The Crown season six on Netflix: Dominic West is far too sexy to play King Charles

It is a truth universally acknowledged that Dominic West was rather badly miscast as Prince Charles in The Crown. In fact, the two people bear absolutely no resemblance at all. If you locked them in a room of mirrors together for a thousand years, not once would one of them suggest that they may look vaguely similar.

And what an unfortunate predicament, given how we are reminded of it every single time West appears on screen, which is quite a lot. It's only further reinforced by how well Elizabeth Debicki, despite being an Australian of genuine model proportions, slips into the role of Diana, her kohl-lined blue eyes a dead ringer for the Princess of Wales'.

Sure, West has got the voice and the stance down, but there are Royal movement and vocal coaches for that. And after such a winning streak of casting for The Crown, it really is a jarring choice, especially now we're back into season six, with a host of new doppelgangers, and Debicki looking more and more settled as Di.

Olivia Williams and Dominic West as Camilla and Charles in The Crown season six (Keith Bernstein/Netflix)

Many have attempted to explain why this casting feels so wrong, to unpick the internal discordance that ensues when a tweed-clad West is on screen saying "yes" like how normal people say "ears".

A tweet from last year, when season five was released, posited that it's because he is simply too famous to be anyone by Dominic West. The tweet read: "Actually think Imelda Staunton is fine as the queen, like I think she looks great. But Dominic West looks nothing like Charles… he’s a great actor but every turn I look at him I’m like 'that’s Dominic West.'"

Others have said it's because of West's rather distinctive features, which don't match up Charles' own - totally different - distinctive features. There is a theory that floats around the internet from time to time, decreeing that people are one of two things, a frog or a rat. Harry Styles: frog, Phoebe Waller Bridge: rat, Zendaya: frog, Timothée Chalamet: rat, and so on, so forth.

Prince Charles in 1997, the same year The Crown season six takes place (PA)

So there's another problem. Dominic West is a frog, while Prince Charles is indisputably a rat. This unavoidable scientific fact isn't helped by the reality that Josh O'Connor, who previously played Prince Charles, is a stone-cold, by-the-book, not-a-doubt-in-anyone's-mind rat.
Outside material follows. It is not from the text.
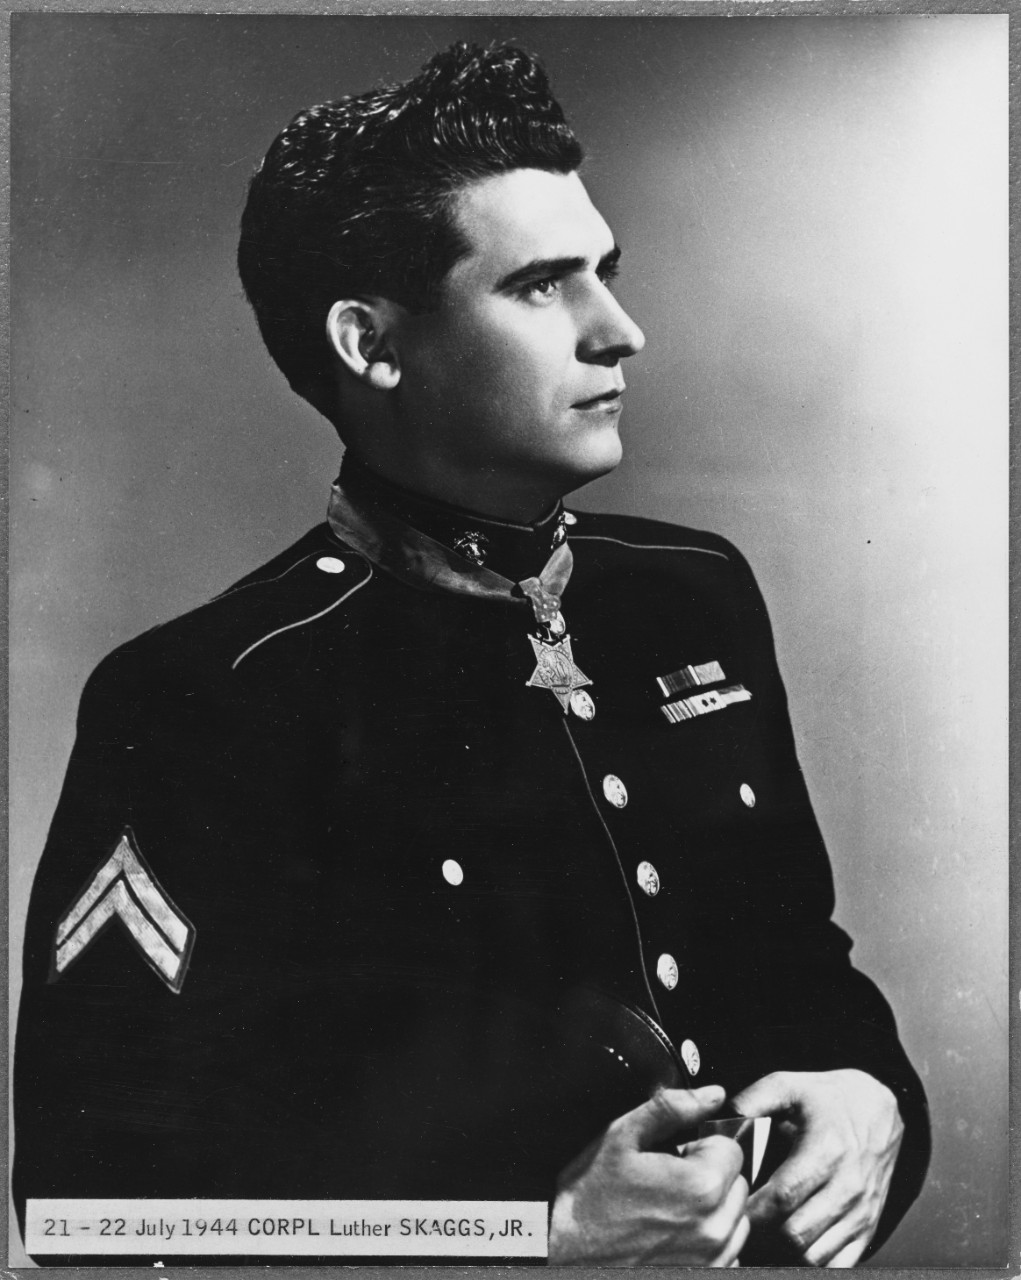 Photo #: NH 106453  Corporal Luther Skaggs, Jr., USMCR

But it's not that, not really. To put it simply, the real reason is that Dominic West is just far too fit to play Charles. Sorry to this man, aka the King, but he just isn't anywhere near Dominic West's level. I doubt this will bother King Charles III much, given that he never wanted to be an actor, has (infamously) had no issues scoring with the ladies and only really cares about sustainable farming and climate change anyway.

Dominic West (StillMoving.net for Netflix)

But I do think it needs to be acknowledged as the real reason that casting gives us the heebie jeebies. Anyone who watched Dominic West in Pride, a film in which he wins over a bunch of flagrant homophobes by dancing out the demons to a disco track entitled "Shame, Shame, Shame", all the while rocking some pretty gnarly bleach blonde frosted tips, should have known he could never play King Charles. These two roles are mutually exclusive.

In fact, West could have even laid some claim to Bond had he wished to. These two roles are also mutually exclusive. No man who can play Bond, can play Charles, and not just because it makes the whole "On His Majesty's Secret Service," thing desperately confusing.

It is clear as day that West is too much of a Zaddy (read: a sexually attractive man, especially an older one who is fashionable or charismatic) to play the King, and I don't mean any offense by that. I think Charles would rather die than identify as a Zaddy.

So let's separate the two: The Crown's yassified, commanding Prince Charles, and our kilt-wearing, farm-loving, economically-inclined King. Out of all the headlines, all the controversy, this is the one thing that has finally tipped The Crown's believability over the edge: now I really believe it's a work of fiction.